On 06/06/07, Robert Godfrey <[EMAIL PROTECTED]> wrote:

However thing such as the immediate flag are at the very least
"unstable" right now... and we are seeing problems from our internal
adopters where using our "extensions" make it difficult for them to
upgrade.

Having to make small changes from version to version is not
unacceptable. And if we were willing to put the effort in, deprecated
compatibility can be achieved for certain things.

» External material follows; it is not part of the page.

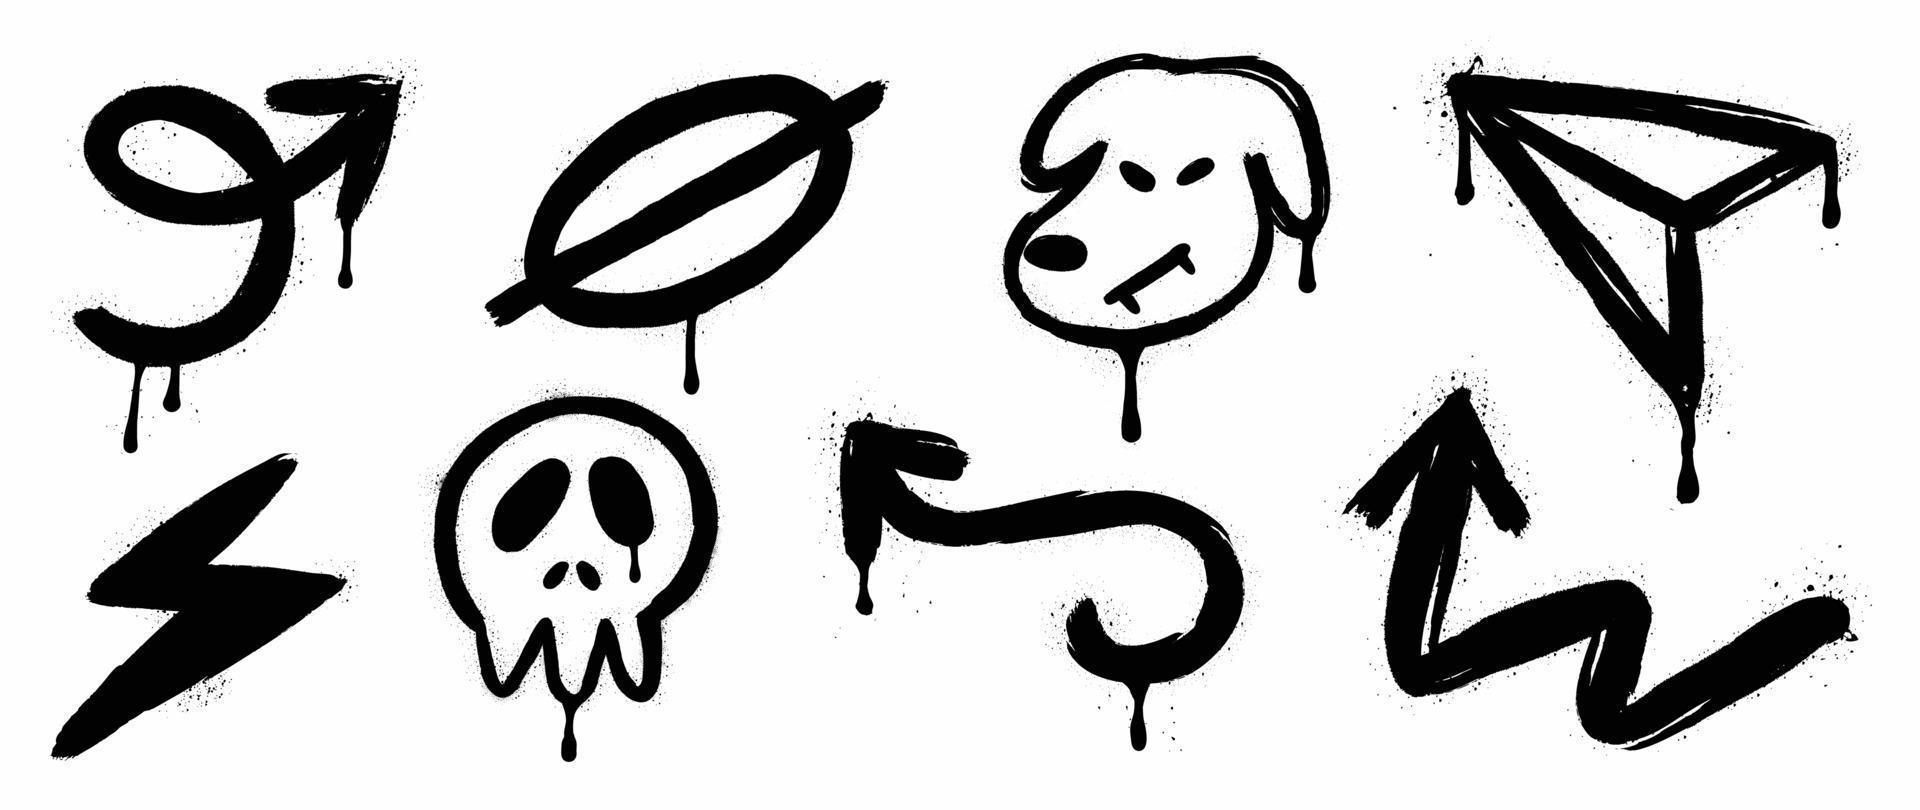 conjunto de ilustração em vetor padrão de spray de graffiti. coleção de seta de textura de spray, símbolo, cachorro, crânio, raio, papel de foguete. elementos em fundo branco para banner, decoração, arte de rua.

The most problematic issue for me is the mismatch between the JMS
notion of Destination and the AMQP notions of exchanges and consumers.
 The current implementation jumps through hoops trying to make Topics
and Queues in JMS map to how these are implemented in AMQP... however
other non-standard exchanges (e.g. Headers) don't match well to the
JMS notion (IMHO).

Yes, this is the biggest mismatch that I have seen. Promoting the
concept of exchange etc to the public API is not a bad thing though
and could be used to provide a way forward. We have bent over
backwards to make it work inside the JMS Destination model mostly
because our users want that (motivated in many cases by a desire by
then to use Spring and so on).

JDBC depends on SQL.  There is no SQL equivalent in the world of
messaging.  Even more, without SQL, relational databases still follow
a reasonably well defined model (tables with columns and rows) - the
same does not hold true for the messaging space.

I was thinking more of things like the Sybase notification feature. If
you do happen to want to use that you can do so within the context of
an application that otherwise just uses JDBC (by casting to a
SybConnection IIRC).

Exposing an AMQP extension via the JMS API should be demand driven until 1.0

Yes, I agree. We almost certainly have other fish to fry. This is why
our extensions have not been particularly aggressive so far.

Writing the JMS layer in terms of an AMQP layer makes sense in terms
of maintainability.

Yes, agree here too.

Allowing users who are committed to AMQP (rather than to JMS) to use
an AMQP API does not upset me in the same way it does you.

It's forcing users to make that decision to commit to AMQP that
bothers me. I think you should be able to choose to use proprietary
features in isolated pockets of code within the context of an
otherwise standards-based implementation.